Salute e malattia
Riempi la pancia con carboidrati complessi ricchi di fibre. Abbandona i carboidrati semplici altamente raffinati nella tua dieta attuale come torte biscotti cracker patatine pane bianco e caramelle. Consuma cereali integrali frutta verdura e fagioli come fonte principale di carboidrati. La fibra di questi alimenti può aiutarti a sentirti soddisfatta per ore dopo averli mangiati.
Elimina la carne lavorata dalla tua dieta. La proteina è un nutriente importante che ti aiuta a riempirti e promuove il recupero muscolare. Ma dovresti evitare le proteine che gocciolano in grasso ricoperte di burro o ad alto contenuto di grassi saturi. Pollo fritto pancetta salsiccia hot dog prodotti caseari integrali e braciole di maiale sono esempi. Aggiungi opzioni proteiche più salutari come lombata di tacchino pesce uova tofu petti di pollo e bisonte.

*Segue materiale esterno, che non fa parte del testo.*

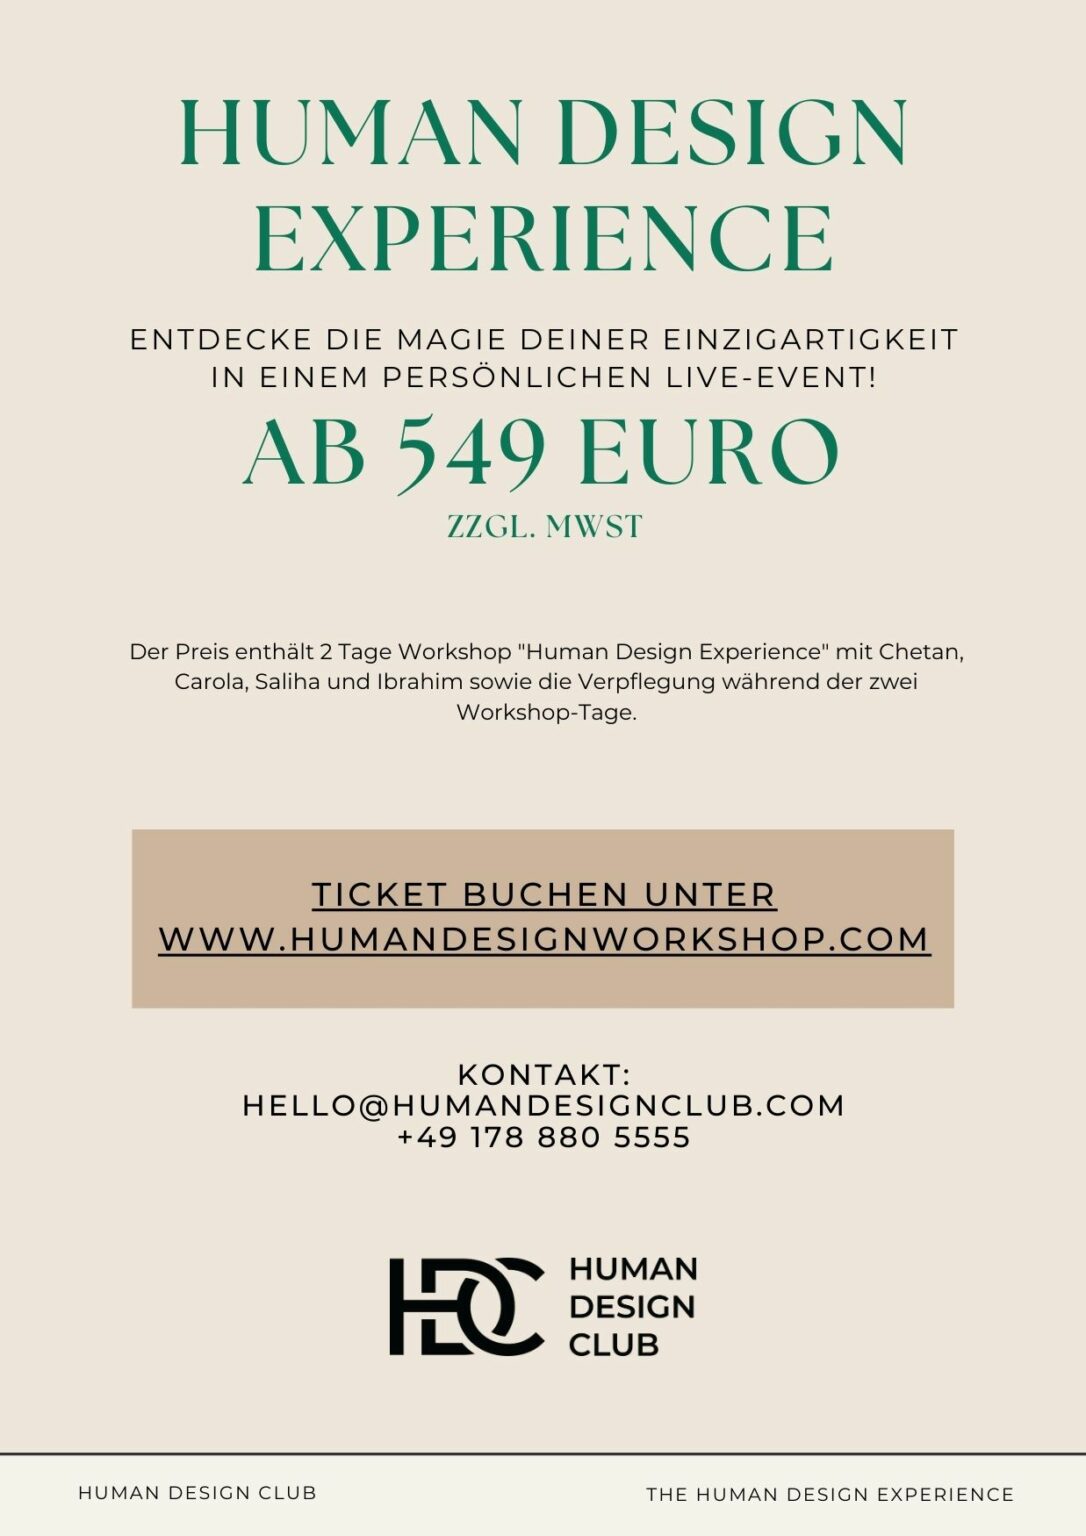 Chetan Parkyn Event Berlin - Human Design Experience 13

Mangia più spesso ma consuma porzioni più piccole. Combina proteine e carboidrati complessi nei pasti e mangia ogni 2-3 ore durante il giorno. Questo può mantenere soddisfatto lo stomaco mentre aumenta il metabolismo. L'eglefino alla griglia con patate al forno e broccoli al vapore è un esempio di pasto efficace.
Esegui in un formato a intervalli per favorire la combustione dei grassi nello stomaco. Jog leggermente per cinque minuti quindi correre veloce per 30 secondi. Jog di nuovo per 60 secondi quindi correre veloce per 30 secondi. Continua a alternare avanti e indietro per 20 minuti e termina con una corsa leggera di cinque minuti o una camminata veloce. Secondo il New York Times fare scoppi di duro esercizio migliora il fitness cardiovascolare e la capacità del corpo di bruciare i grassi. Esegui l'allenamento a intervalli tre giorni alla settimana a giorni alterni.
Esegui esercizi di sollevamento pesi che richiedono di forzare energicamente i muscoli dello stomaco per la stabilità. Usa una palla di stabilità per fare esercizi come flessioni pressioni sulla spalla seduti estensioni della schiena estensioni tricipite distese riccioli di bicipiti seduti e squat da muro. Allenati tre giorni su sette nei giorni alternanti del tuo cardio. Fai da 10 a 12 ripetizioni e da tre a quattro serie di ogni esercizio. Costruire muscoli può anche aumentare il tasso metabolico a riposo.
Eseguire esercizi ab per stringere e tonificare i muscoli dello stomaco. Indirizza la tua intera regione ab facendo sollevamenti per le gambe contrazioni all'indietro curve laterali scricchiolii di stabilità e sit-up. Punta da 15 a 20 ripetizioni da tre a quattro serie e lavora gli addominali subito dopo aver fatto il cardio.
Suggerimento
Una forma alternativa di allenamento a intervalli sta camminando per 2-3 minuti seguiti da 30 a 60 secondi di jogging leggero.
Avvertenze
Prendi l'autorizzazione dal medico prima di tentare nuovi esercizi.